Exercise data section start

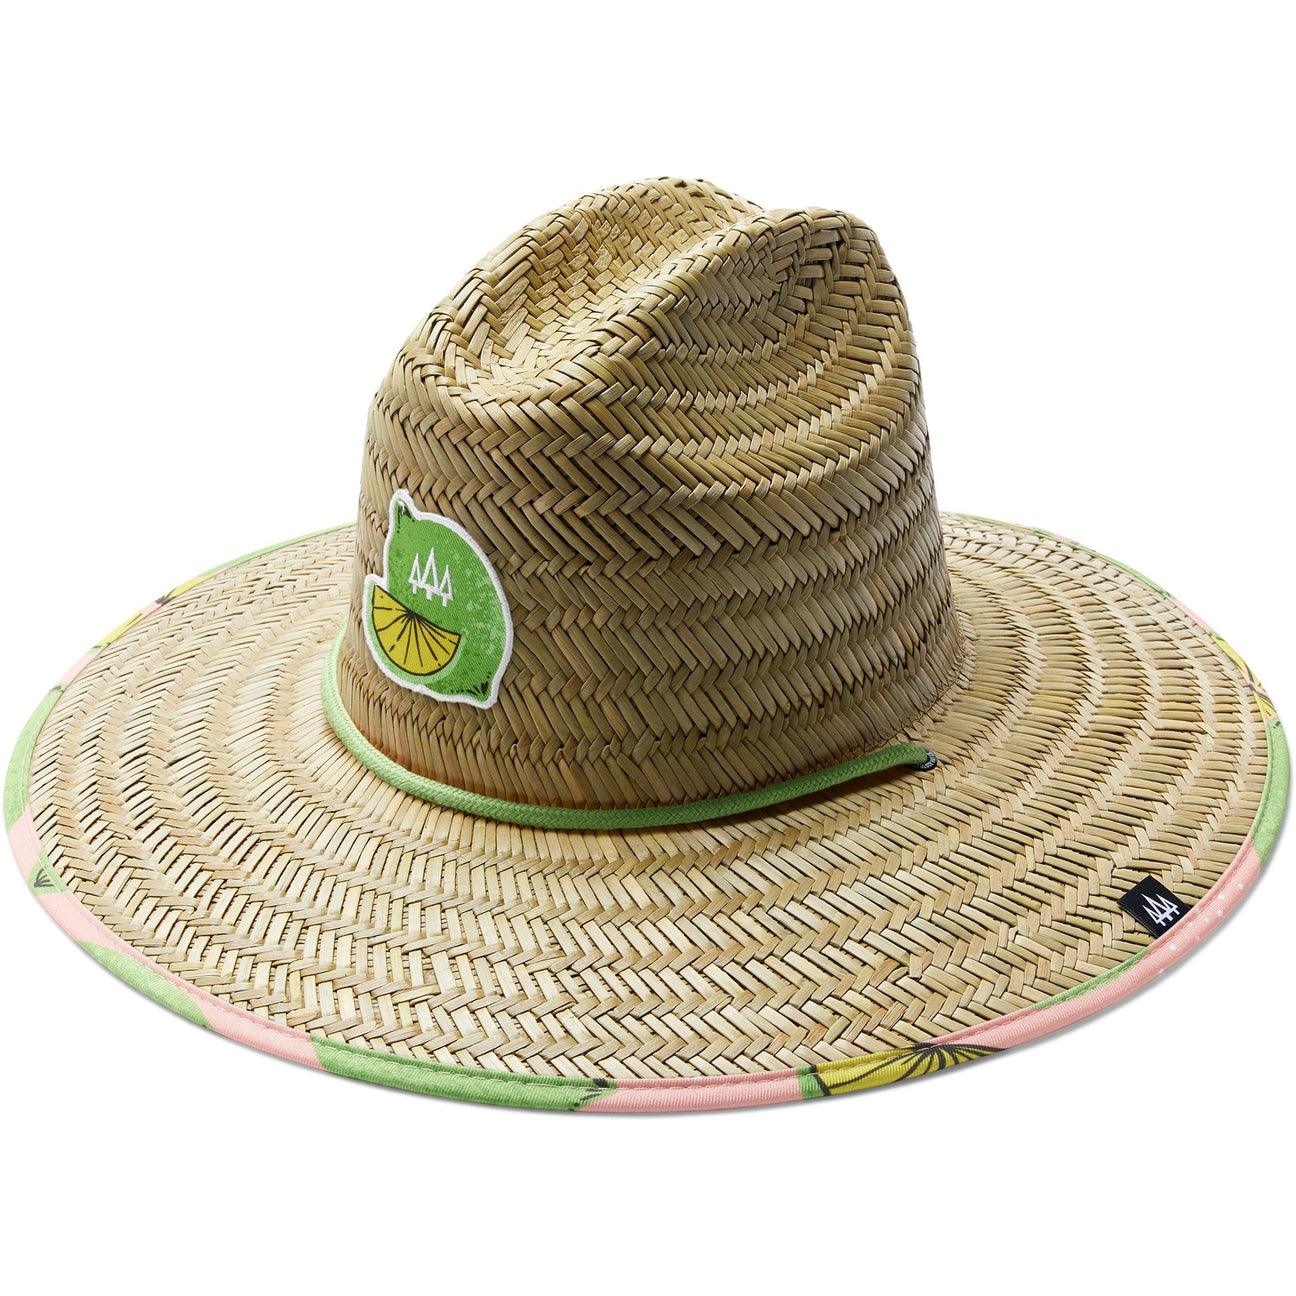 Hemlock Sun Hat  - STORE PICK UP ONLY - The Salty Mare
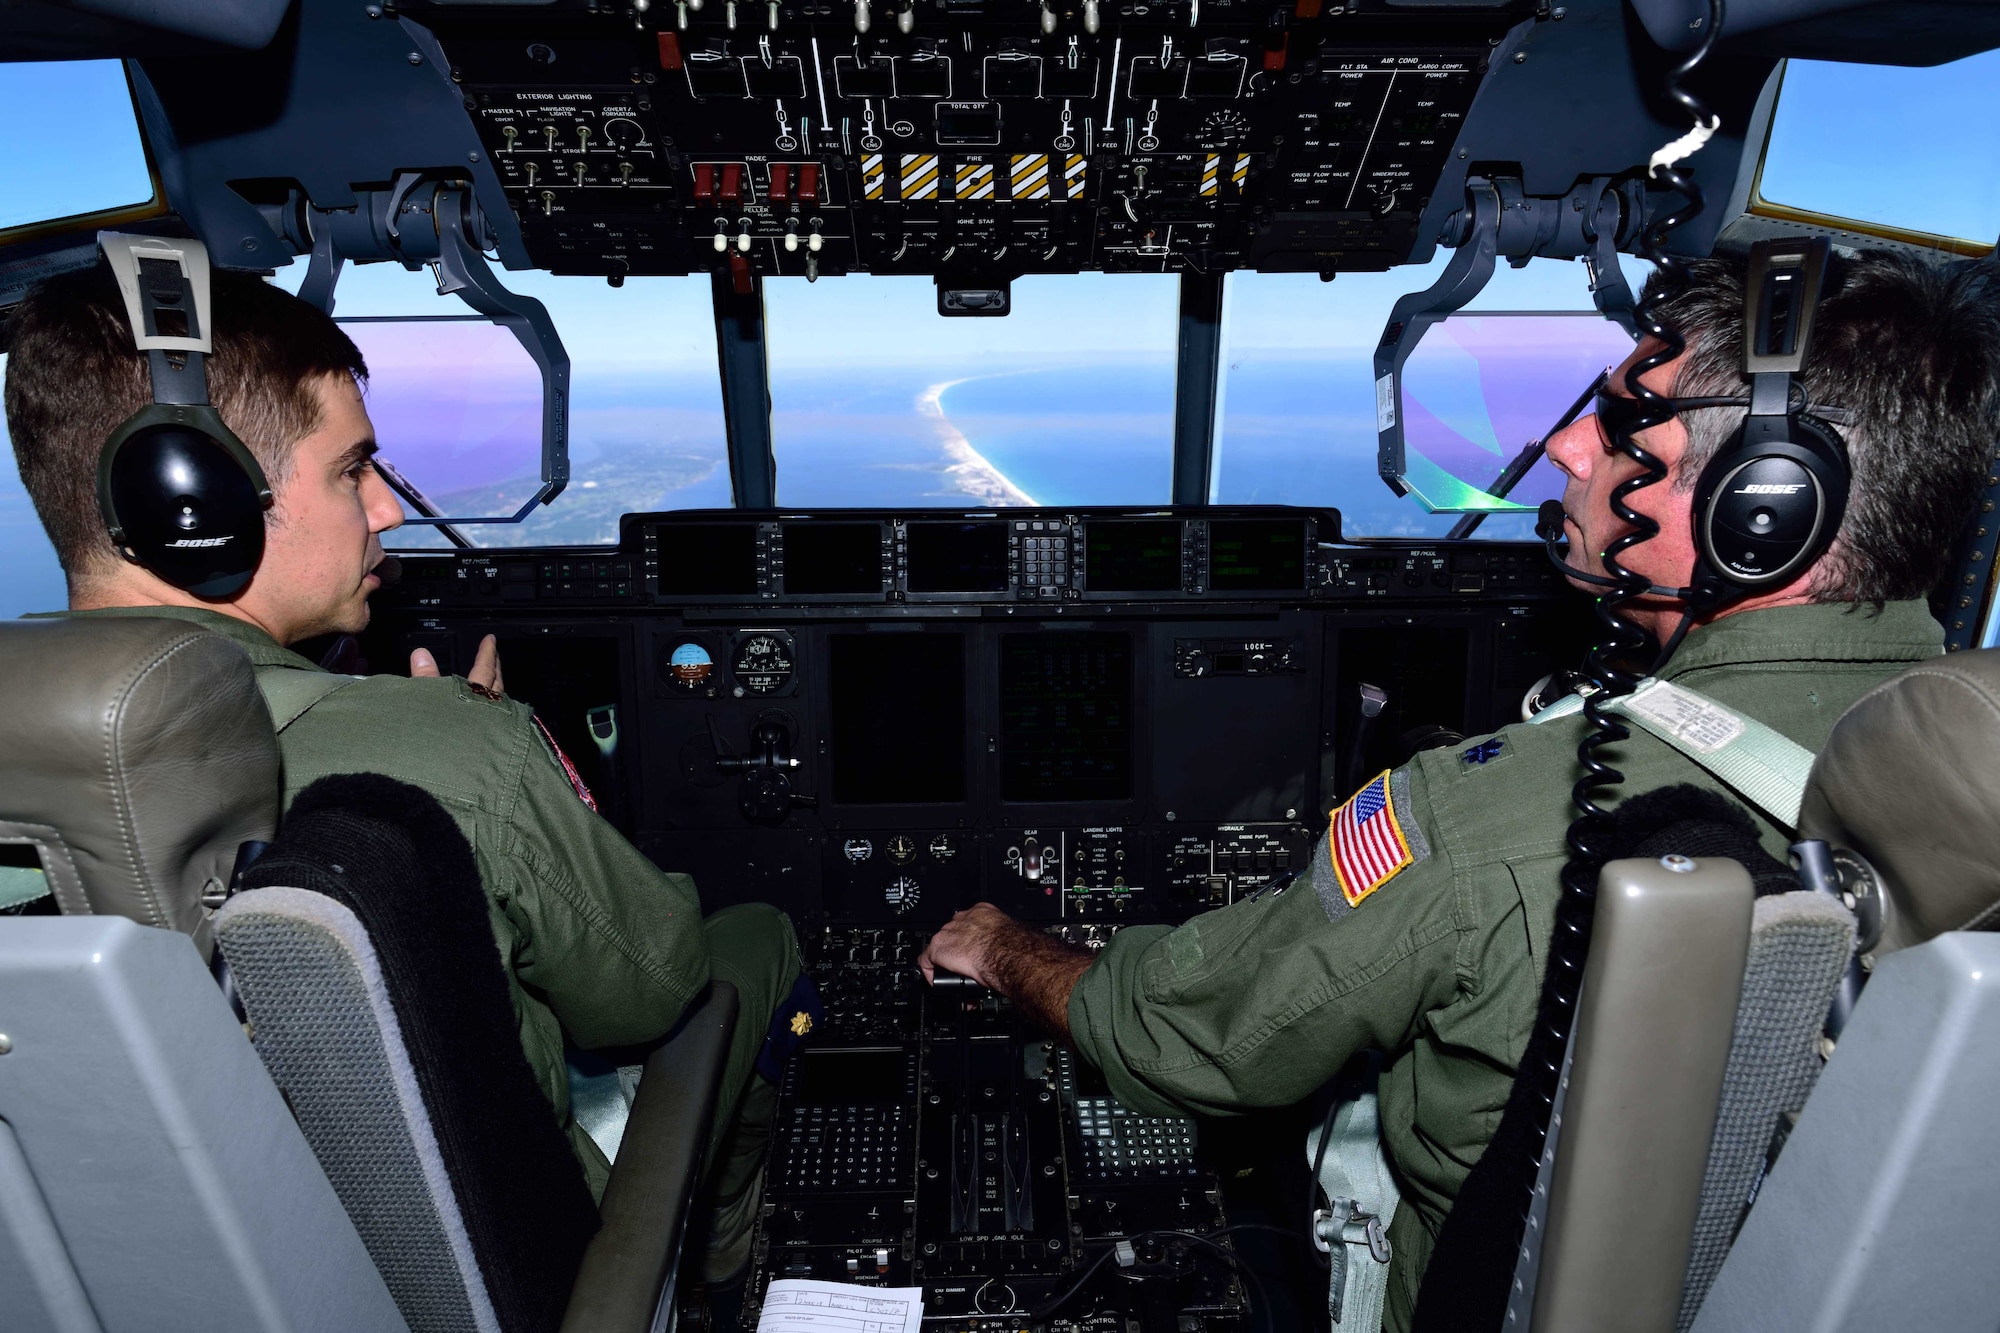 Lt. Col. Scot Salminen (right) and Maj. Kevin Olsen, 815th Airlift Squadron pilots, discuss the flight path of their C-130J Super Hercules aircraft March 2 during Emerald Warrior 2018. The 815th AS “Flying Jennies” provided airlift support for the special operations joint training event at Hurlburt Field, Florida, Feb. 26-March 2. The exercise involved units from all U.S. military branches, U.S. Special Operations Command and North Atlantic Treaty Organization partner forces. (U.S. Air Force photo by Tech. Sgt. Ryan Labadens)
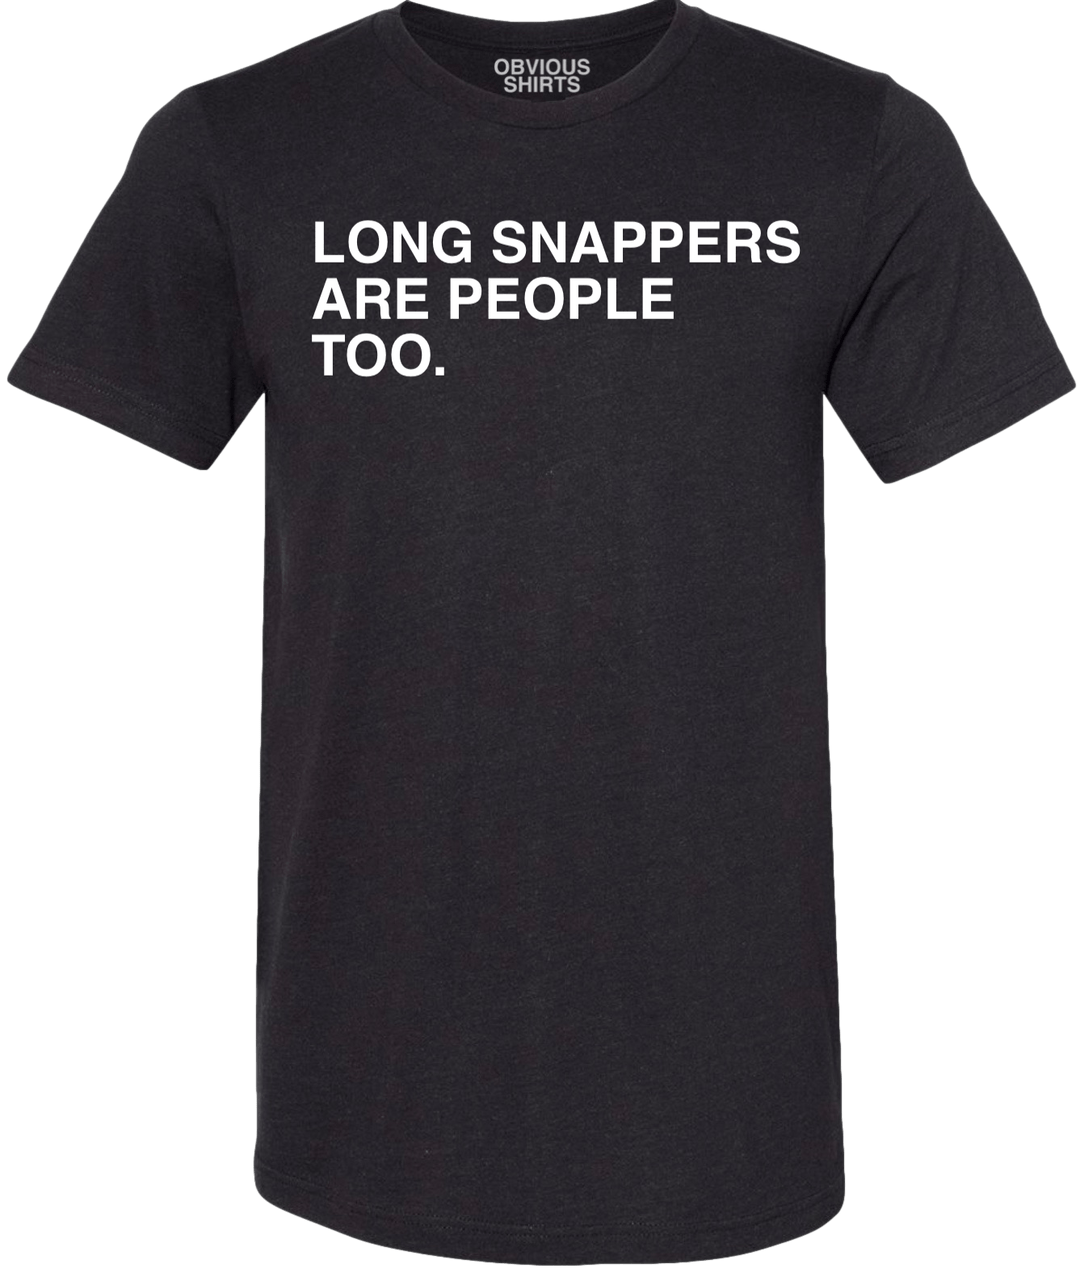 LONG SNAPPERS ARE PEOPLE TOO. (BLACK) - OBVIOUS SHIRTS
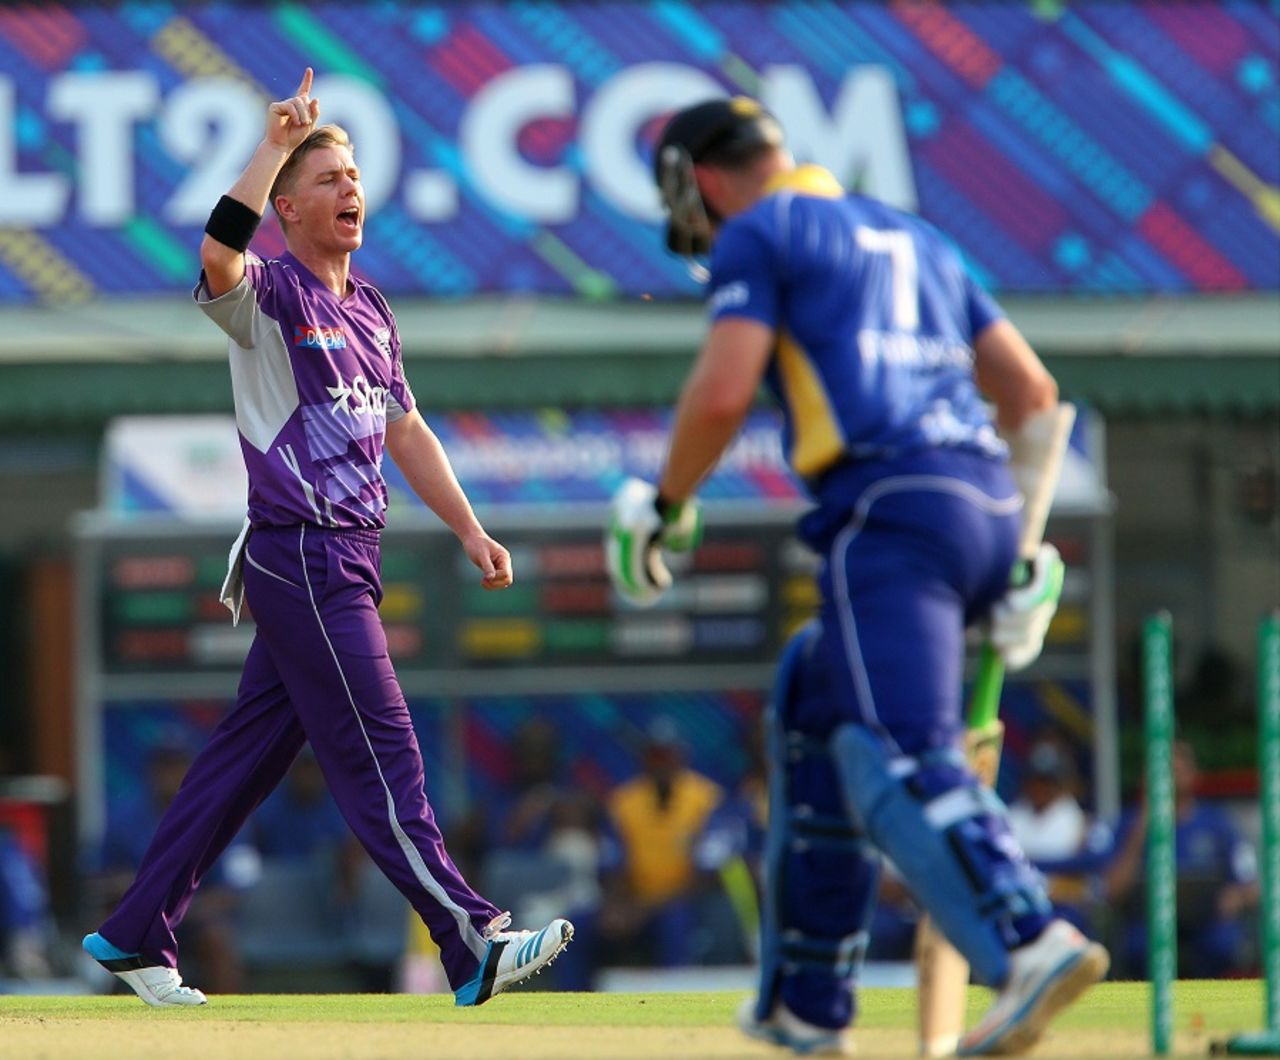 Xavier Doherty picked up four wickets, Barbados Tridents v Hobart Hurricanes, Champions League T20, Mohali, September 28, 2014
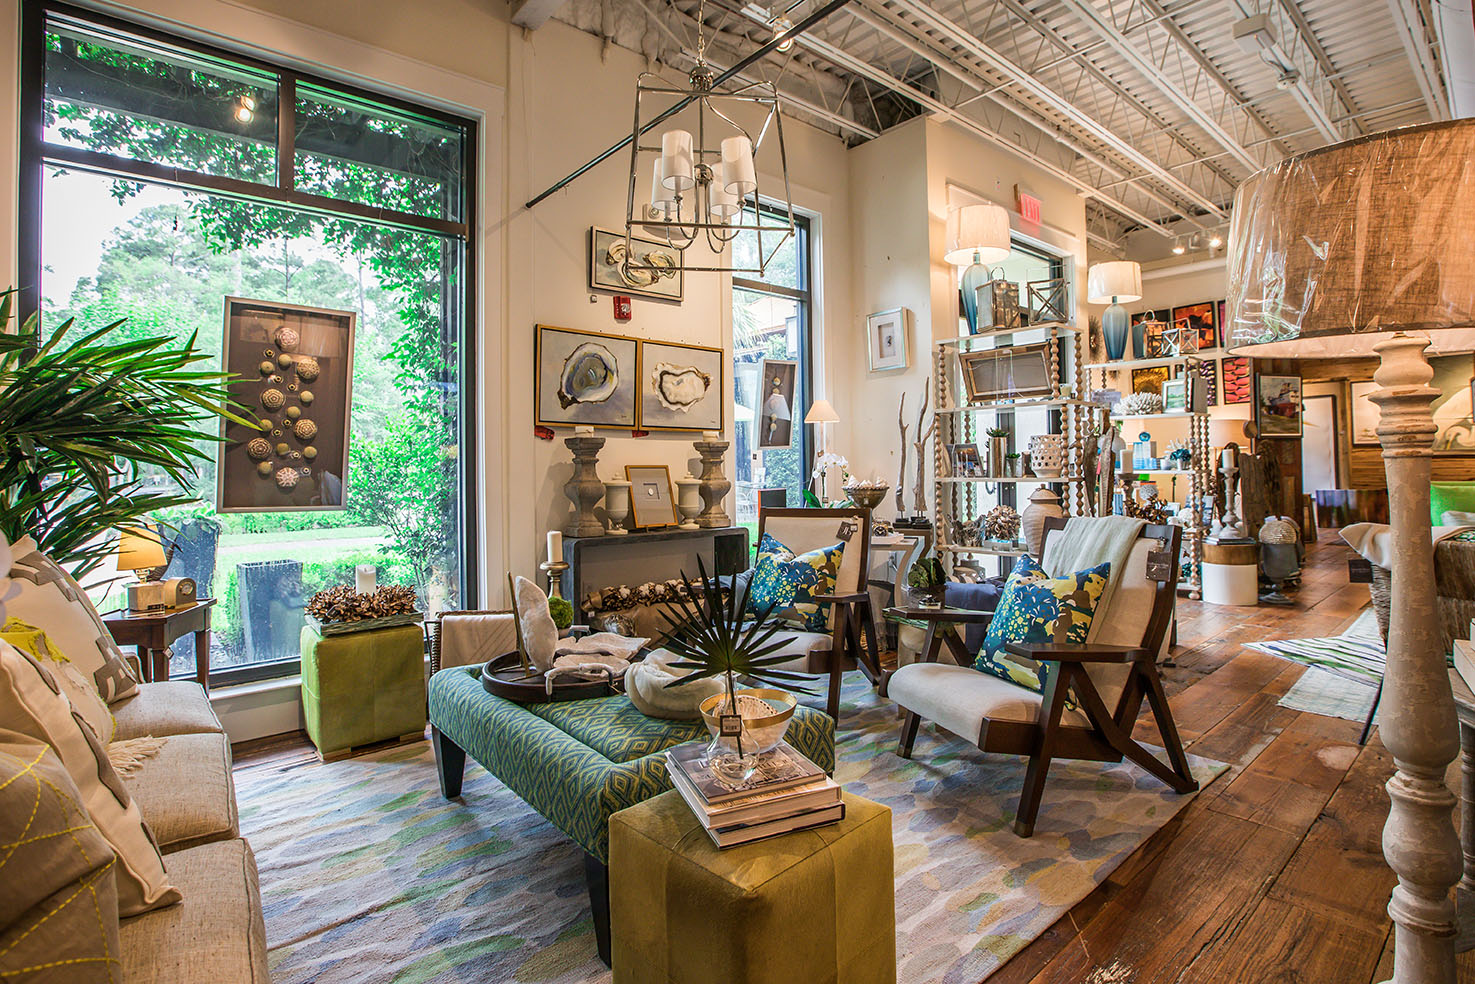 shopping hilton head island includes the retail space by j banks design group filled with grifts and decor items

Exercise data section end

Task description:
No pictures belong in the copy. Retype exactly, and only, the lines from the line containing "Lt. Col. Scot" through the last line of the data, both included.

Reply to the task:
 Lt. Col. Scot Salminen (right) and Maj. Kevin Olsen, 815th Airlift Squadron pilots, discuss the flight path of their C-130J Super Hercules aircraft March 2 during Emerald Warrior 2018. The 815th AS “Flying Jennies” provided airlift support for the special operations joint training event at Hurlburt Field, Florida, Feb. 26-March 2. The exercise involved units from all U.S. military branches, U.S. Special Operations Command and North Atlantic Treaty Organization partner forces. (U.S. Air Force photo by Tech. Sgt. Ryan Labadens)
 LONG SNAPPERS ARE PEOPLE TOO. (BLACK) - OBVIOUS SHIRTS
 Xavier Doherty picked up four wickets, Barbados Tridents v Hobart Hurricanes, Champions League T20, Mohali, September 28, 2014
 shopping hilton head island includes the retail space by j banks design group filled with grifts and decor items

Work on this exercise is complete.